A radically different proposal for differential updates

Christian Seiler Tue, 15 Aug 2017 00:43:45 -0700

Hi there,

I've come to believe that binary diff packages are not the best way of
solving this issue. Intead I'd like to propse a radically different
solution to this issue.


The gist of it: instead of adding a format for how deltas work, I
propose to introduce a new format for storing Debian packages that will
be used for both the initial installation _and_ incremental updates.

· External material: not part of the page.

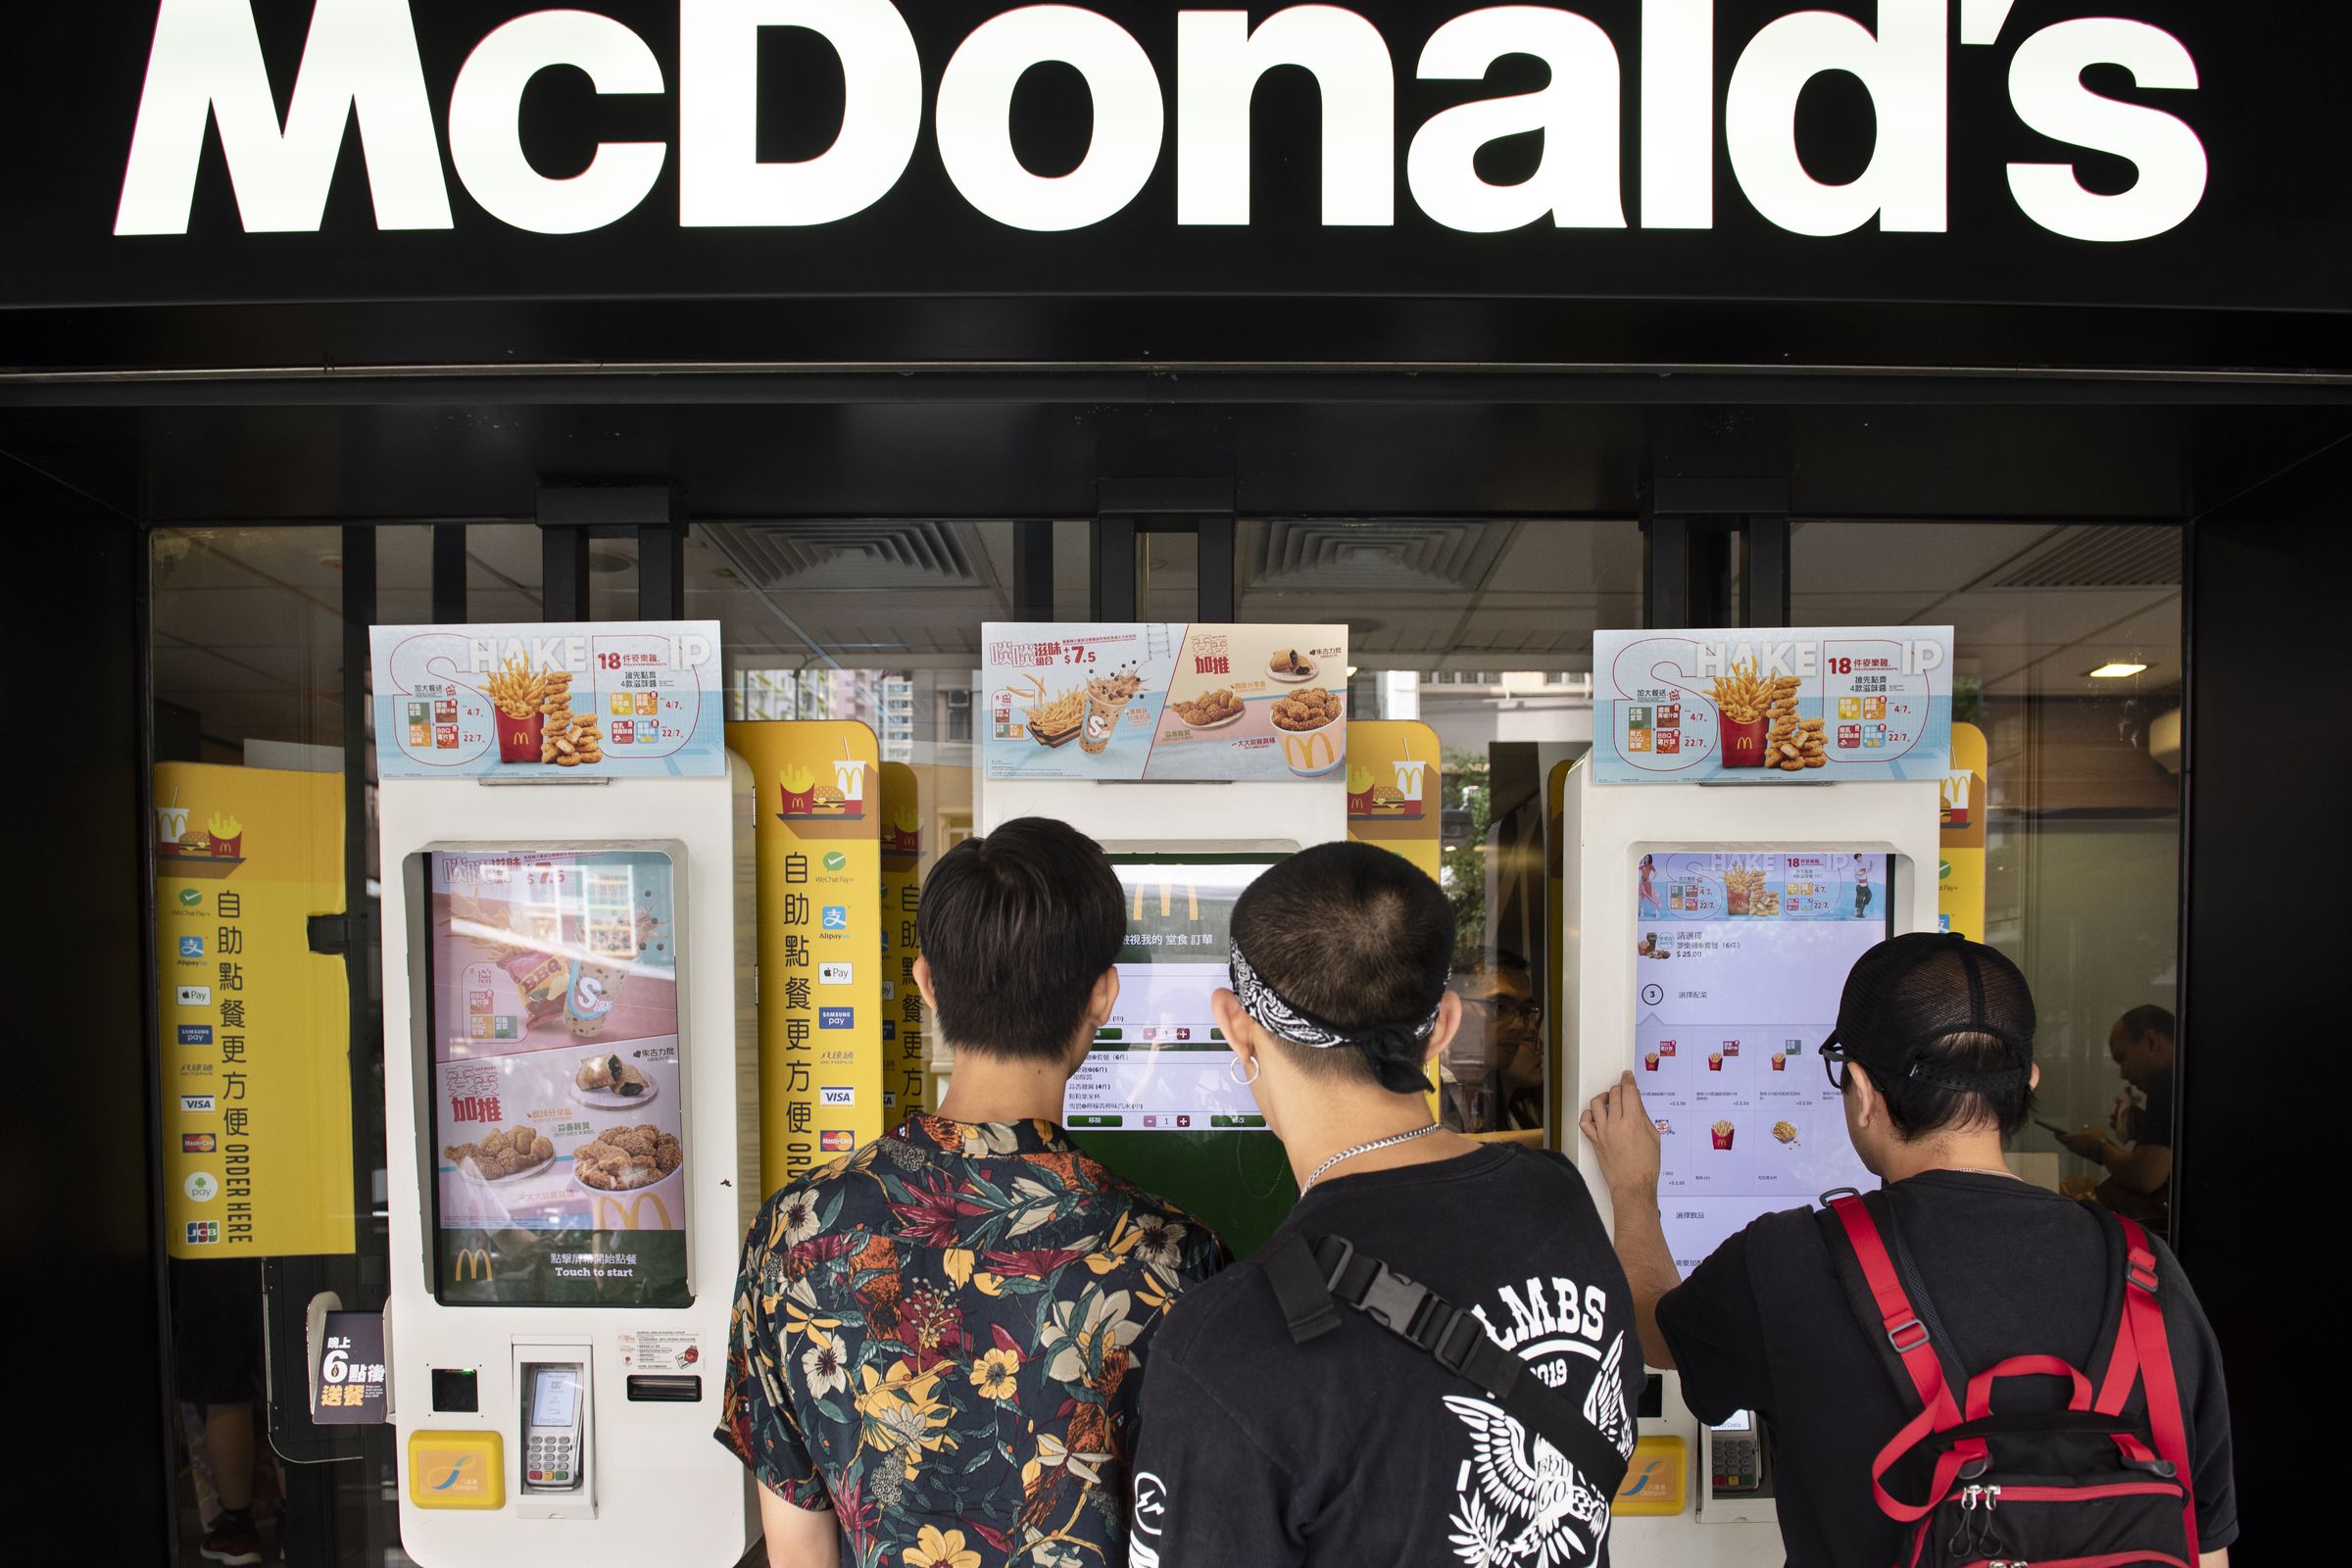 Customers order food in an automated self-ordering kiosk at...

This idea was inspired by the following talk given by Lennart
Poettering about a new tool he's written (which is already packaged for
Debian by the way):
https://www.youtube.com/watch?v=JnNkBJ6pr9s



Now to my proposal:

A Debian package currently consists of two files: control.tar.gz and
data.tar.xz (or .gz). What I want to propose is a new format that does
not contain a data.tar.xz at all. Instead I'd like to split the
data.tar.xz into chunks and have the new format only contain an index
that references these chunks. Let me call this new format "cdeb" for
"chunked deb".

A .deb package can be decomposed trivially into a .cdeb via the
following process:

  - uncompress data.tar.xz to obtain data.tar
  - split data.tar into chunks (see below)
  - create a list of cryptographically secure hashes of these chunks
    and store them in an index file
  - compress each chunk individually
  - the .cdeb would then contain control.tar.gz and data.chunks.gz,
    where the latter is the aforementioned chunk index

If you have a .cdeb package and all the chunks it references, one can
unpack that by decompressing each chunk in order, concatenating them
and then running tar.

In and by itself this just gives us a lot more overhead. However, there
are two key ideas that additionally come into play here:

1. The way the chunks are split: instead of splitting this up into
chunks of a fixed size, use a rolling hash function instead. Lennart's
casync tool uses Buzhash for this. The basic idea behind a rolling
hash is that you update the hash function with each byte until the
current hash value fulfills a certain property (such as that it's
divisible by a specific number). That's when you put a chunk boundary
there. This has the consequence that even if you insert a byte into
the data stream that is being chunked at some point this will only have
local consequences, and once you're far away from that position you
will still have the chunk boundaries placed at the same points.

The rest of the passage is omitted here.